COCONUTS HOT SPOT – We’ve found the best deal in the city – and it isn’t some lame Groupon or Ensogo scheme. It’s the real deal: The kind of deal that involves a hotel chef, wholesome Thai food, and sub-THB200 dishes.

Positioned away from the swanky mid Sukhumvit area, Golden Bay Leaves on Sukhumvit 101/1 is truly a diamond in the rough. This large-but-elusive soi is situated between the Punniwitti and Udom Suk BTS stops, but it isn’t necessarily close to either. It’ll take a bit of walking.

The unassuming appearance of the venue would never hint at how good the food is here.
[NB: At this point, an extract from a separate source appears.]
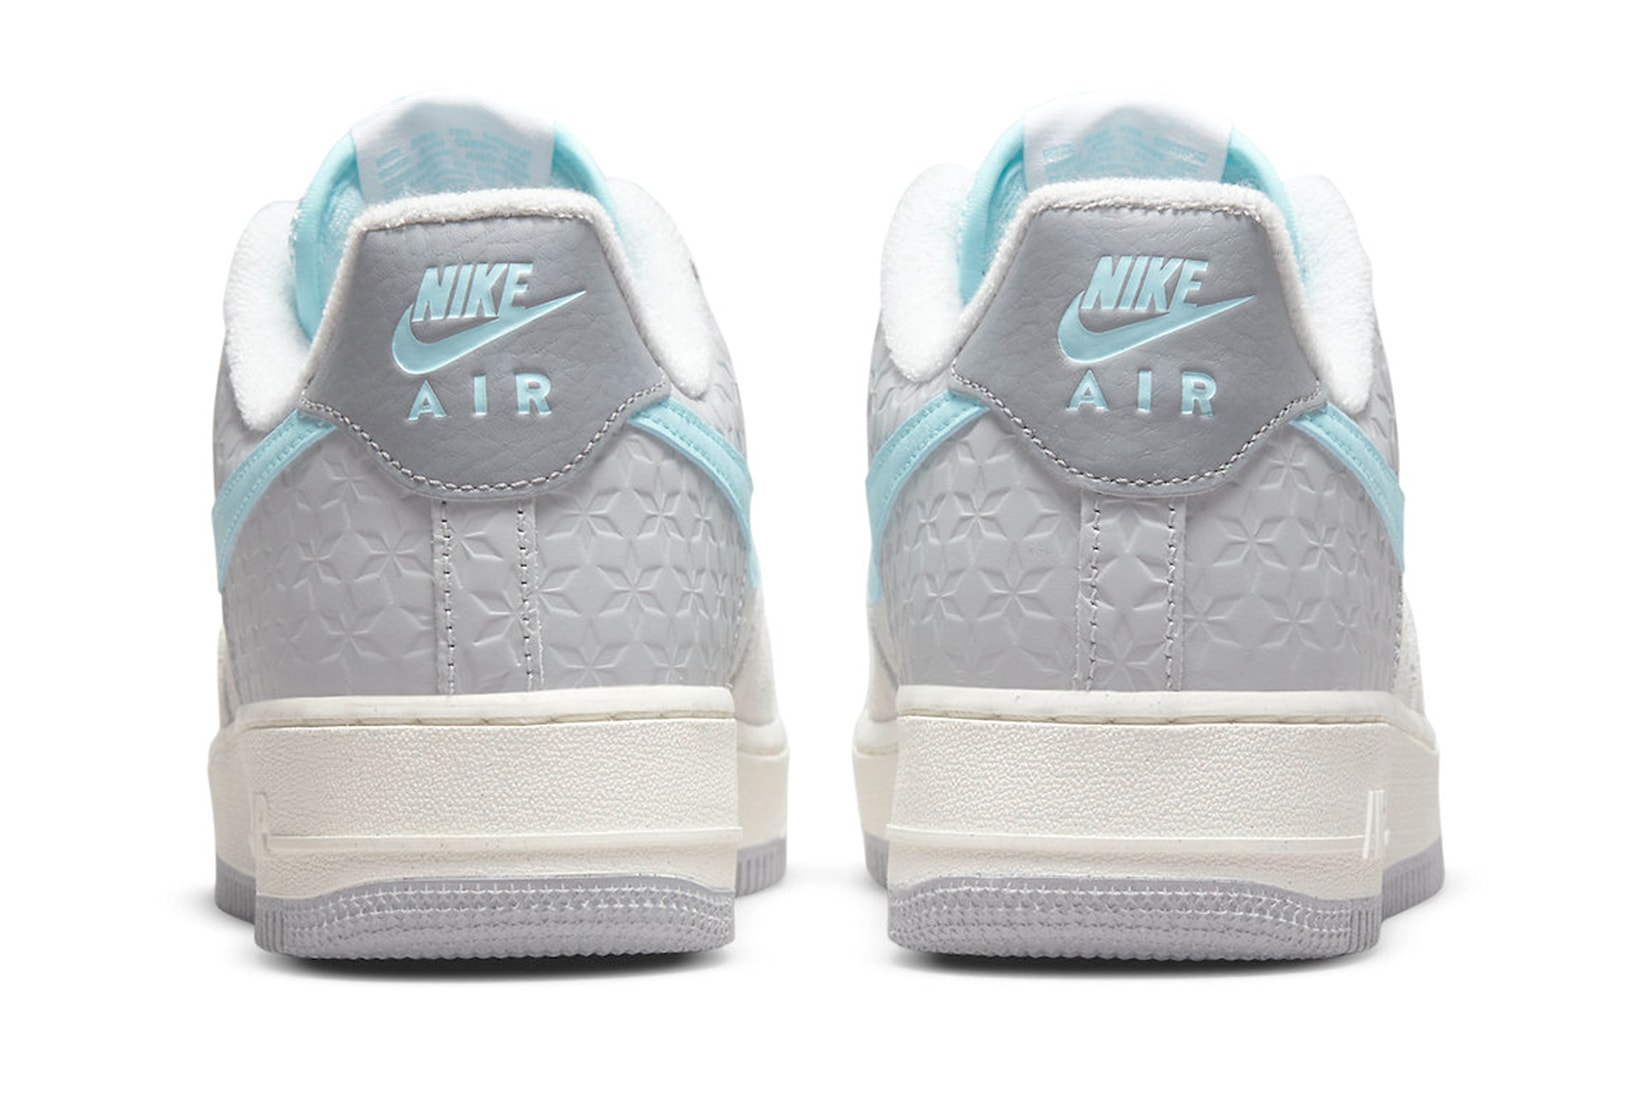 Nike Air Force 1 Low "Snowflake" Sneakers Blue White Gray Heel View

It’s only when you learn the back-story that it all makes sense.

Chai Boonlert was once a chef in a hotel, but decided to pursue his secret dream of running his own show, so he chose a modest restaurant venue on the humble Sukhumvit soi and concocted a menu that features prominent Thai dishes, some fusion dishes, and a few foreign favorites.

There are hundreds, if not thousands of Thai restaurants that dabble in foreign food – and by dabble I mean bastardize. Sugar in the ketchup, sweet cream on the salad, holy basil instead of Italian basil in the pizza sauce, corn where it doesn’t belong…the list goes on.

Golden Bay Leaves isn’t one of those places, and it’s solely because of one man, Chef Chai. To say the whole operation relies on him is unfair of course, because the friendly service certainly does create a pleasurable atmosphere, but if it weren’t for the stellar food at Golden Bay Leaves, it would be just like any other small-soi, open air joint with meat hanging behind the display case, vegetables and herbs in baskets, and the occasional rat scurrying around out back. It’s this one man’s skill that makes this eatery worth going to.

Take the Penang fettuccine with chicken for example, a dish that’s entirely too easy to mess up—Chai gets it right. The balance between cream-based western sauce and Penang curry spices is spot on. And get this: He boils the noodles in a wok!

To get a fusion dish right it takes complete knowledge of both disciplines of cuisine involved, and he delivers big time on the Western front with an assortment of different au gratin and casserole-esque dishes like our favorite, the baked cauliflower with cheese. The same cheese-and-bake formula can be applied to both broccoli and eggplant. We can’t identify what sort of cheese is used, but there’s lots of it, and it’s not some imitation cheese. Again, it’s the real deal.

The foreign food is superb, and the Thai is equally as tasty. Try some of the seafood dishes like hor mok talay or pad cha ta-lay to get a taste of some of the chef’s best work. Sure the food is great, but only the right type of adventurous eater will enjoy this joint. If its hot out, you’re going to be eating in hot weather, as it’s an open-air restaurant. If you’re scared of rats then you better get over it; but if you don’t mind taking in a little street smog while wafting your tom yum, then you’re in for some stellar cuisine all at less than THB200 a plate.